Heap or clustered, What to do ...

  • Well - I sure feel silly. I thought all these replies (above) were going to reference the original posters. Sadly, I am a bit new to posting here. I apologize for the error.

  • So is XXXXXXXXXXX by itself unique across all sites?

    Or do you need the YYY and ZZZ values to get a unique key? Do you always specify YYY and ZZZ when querying the table?

    If the latter, you should cluster the table on:

    YYYZZZXXXXXXXXXXX

    which makes each Sales Point and Site ever-ascending, and restricts each query to a contiguous range of values that match the clustered index keys.

    But, as others have noted, don't combine them into a single column. Just make a 3-column clustering key: (Ycol, Zcol, Xcol).

    SQL DBA,SQL Server MVP(07, 08, 09) A socialist is someone who will give you the shirt off *someone else's* back.

  • SeanNerd (11/13/2014)


    My question is about indexing strategy for the following scenario:

    I have a table where we cannot use the typical int identity primary key column. The table can have millions of rows. Data for this table is generated by client applications that are off-line, so we used the following strategy to create our keys for the TransNo bigint column:

    XXXXXXXXXXXYYYZZZ

    XXXXXXXXXXX is an incrementing value tracked locally at the client applications

    YYY is the SalesPointId 000 to 999

    ZZZ is the SiteId 000-999

    This way we can generate keys off-line, and there aren't any primary key violations during the consolidation process when the data from the clients is merged together into the main database. Note - the client databases are old-school .dbf files, so we can't use a distributed (ranged) identity column strategy.

    I have read that placing a clustered index on this column is bad since the data is not inserted in an "ever increasing" manner (5077001 can come in before 4012001, for instance). I have also read that since clustered indexes physically reorganize the data on disk in this heavily inserted table, we would likely see performance problems as the disk system tries to keep up with SQL Server's demand.

    The idea of having an increasing value for a clustered index is for an optimal, cluster. But it's not the only way to go, nor a requirement for the clustered index. Putting a clustered index on columns other than an increasing one just means you may deal with more page splits in your cluster, something to be avoided, but not the end of the world.
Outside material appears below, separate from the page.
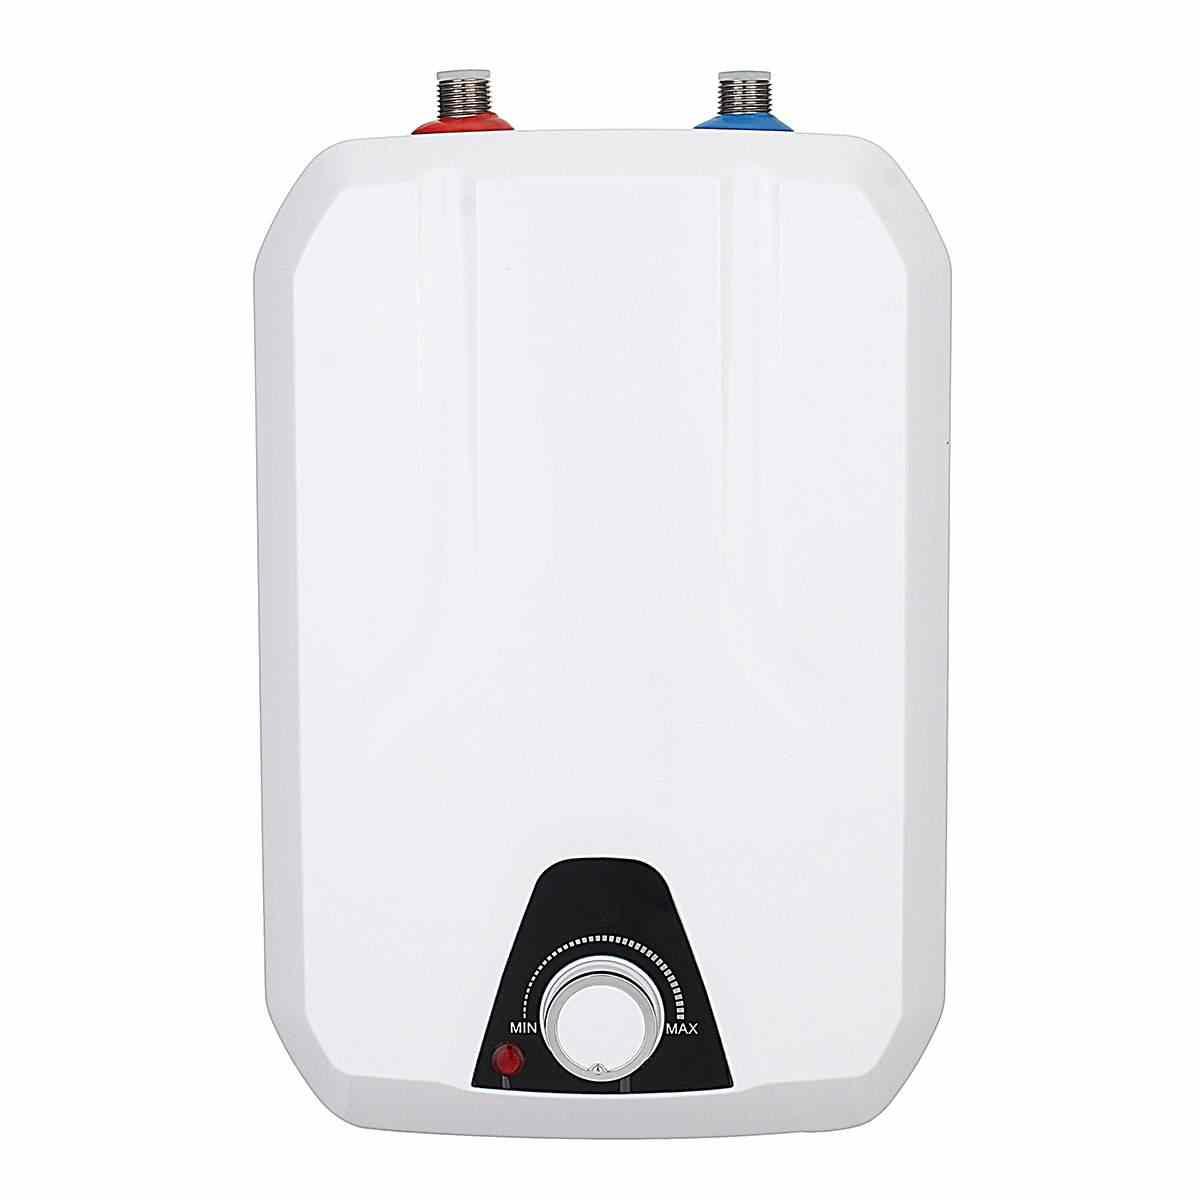 8L accueil chauffe-eau électrique sans réservoir système de chauffage instantané chauffe-eau instantané douche chaude chauffage rapide 1500W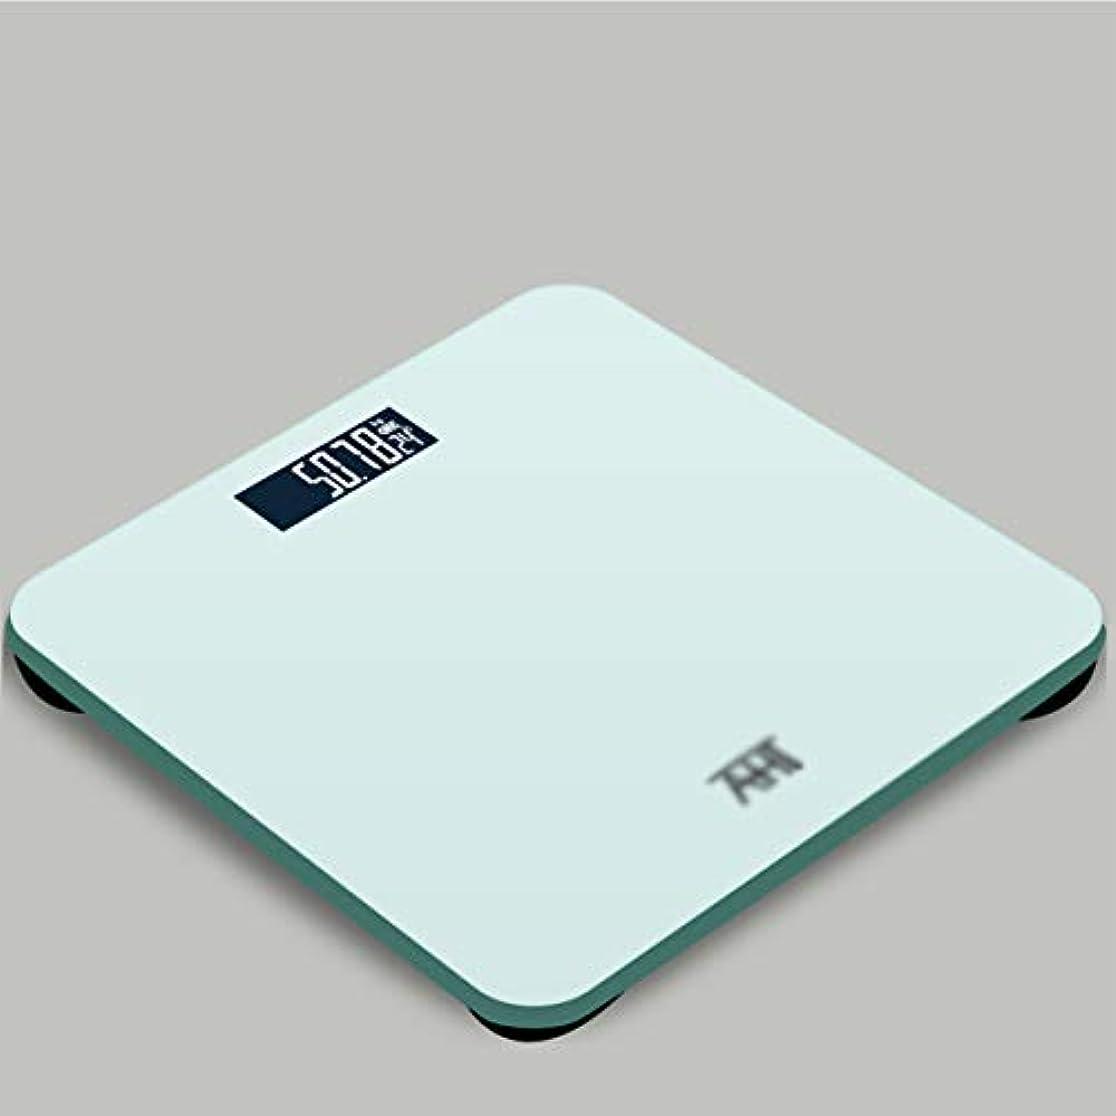 クマノミラインナップ今まで重量の監視者の体重計、デジタル体重計の電子体脂肪のスケール2つの電池との超細い高精度,b

    What we have done before (from former research - perhaps faulty research) was to create a bogus column that is an int identity, and create a clustered index on that column. It wasn't used for anything - no foreign keys, no lookups based on this value - but we put it there because we read that every table should have a clustered index.

    Yes, every table should have a clustered index, but, it should be in the right place. Just putting a cluster on there to have a cluster is actually a poor choice. Instead, the goal has to be to put the cluster in the right place. My argument for this is to put it on the most frequent access path to the data. If this is an identity style primary key, great. If it's a foreign key from another table, fine. Whatever the primary access path to the data is, generally, you're going to get the best performance out of the cluster by using that because a clustered index stores the data for the table.

    Putting the cluster on a column that isn't used is a waste of the clustered index.

    I recently read that having a clustered index might actually cause a performance problem - because the Row Locator is kept with the clustered index - so a lookup on our meaningful key would then have to look in the clustered index to get the Row Locator, and then it would go to the row. If there was no clustered index, then it would use the internal RowLocater and skip the extra lookup - and actually be faster (Simple Talk Link[/url])

    If your clustered index is not unique, an additional uniquifier is added to make it so. Again, the data is stored with the cluster, so it has to be able to retrieve it uniquely from the disk. In general it's better to have a unique clustered index, but you don't have to.

    From the sounds of things, your column is a good candidate for a clustered key. You might want to consider reordering the numbers so that instead of what is effectively a random number at the start you get put the two classifying numbers at the start. This would lead to clustering of inserts within certain ranges, reducing the fragmentation that the random nature of that leading number would cause.

    I also understand that tables without clustered indexes (heaps) are more prone to fragmentation and can't be physically reordered, as there is no clustered index. Though, I'm not sure how important that is.

    For point lookups, if you only ever retrieve a single row, fragmentation doesn't matter much. But as soon as you start to scan indexes at the page level, fragmentation means that it has to jump all over the disk, back and forth, to retrieve data. Even on an SSD this is costly.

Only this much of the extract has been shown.